2010/7/22 Tim Starling <tstarling(a)wikimedia.org>rg>:
An alternative would be to add a column to the
categorylinks table,
say cl_type. It could be an ENUM or some short text type. Then the
index could be altered to include this field at the start of it.
Presumably the rationale for combining these two things into
cl_sortkey is to avoid a schema change, and to make the paging code
slightly simpler. But I worry that future generations of MediaWiki
developers will curse us for laziness and obfuscation.
There is another reason to prefer this schema, which is that the
orginially proposed one is susceptible to weird transition bugs. After
this feature is deployed, there will be old-format (i.e. plain)
sortkeys sticking around in the database for quite some time after
(they won't go away until LinksUpdate fixes them), which means that
pages whose sortkey starts with a C or F will be recognized as
categories and files respectively, even if they're normal pages.

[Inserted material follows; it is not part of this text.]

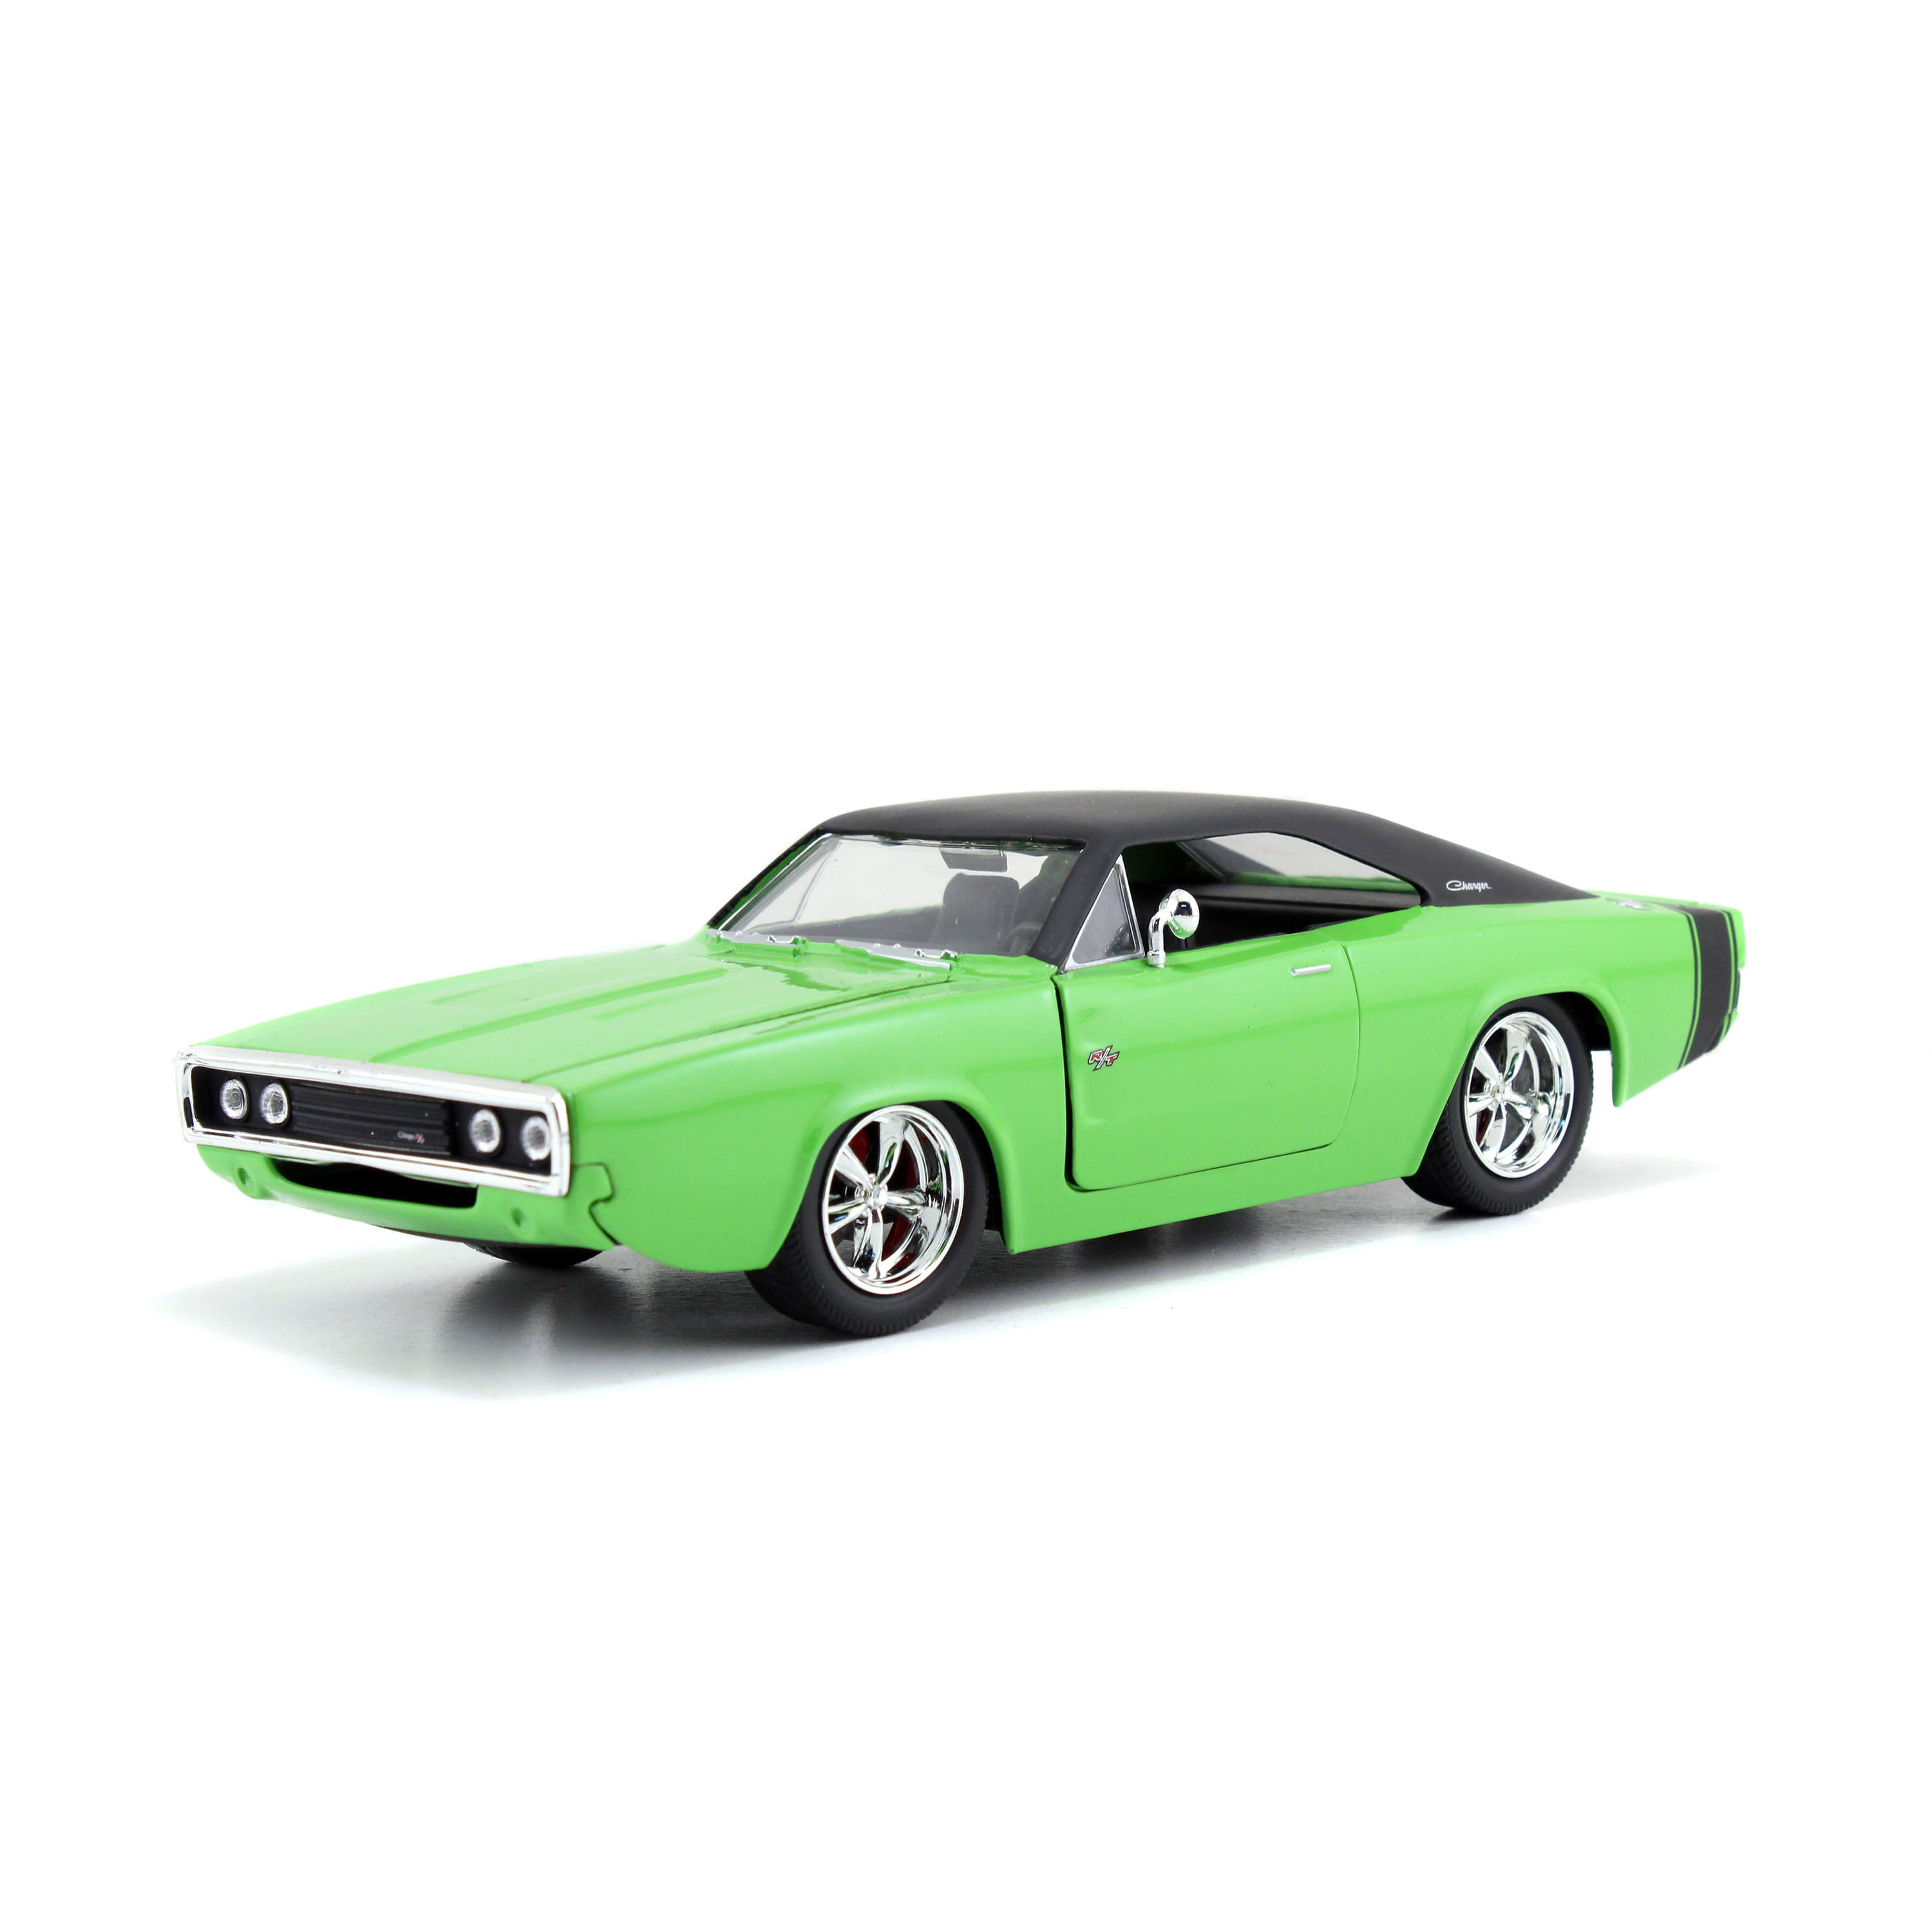 Big Time Muscle 1970 Dodge Charger R/T Die-cast Car Green Play Vehicles

The best way to mitigate that is to populate the namespace information
prior to deployment. In Tim's schema, that means filling the cl_type
field based on page_namespace. In the sortkey prefix schema, that
means prefixing the sortkey with the relevant sortkey, but that also
requires the sortkey updating code has already been updated at that
time (so it doesn't overwrite new-style sortkeys with old-style ones),
which means you'd have to partially deploy the code while running the
population script. Yuck.
Roan is also asking for a store of the plain text form
in this thread.
I have since conceded that it takes space for almost zero gain (as it
doesn't solve the first letter problem and doesn't have much gain for
the API either), see my previous post.
Roan Kattouw (Catrope)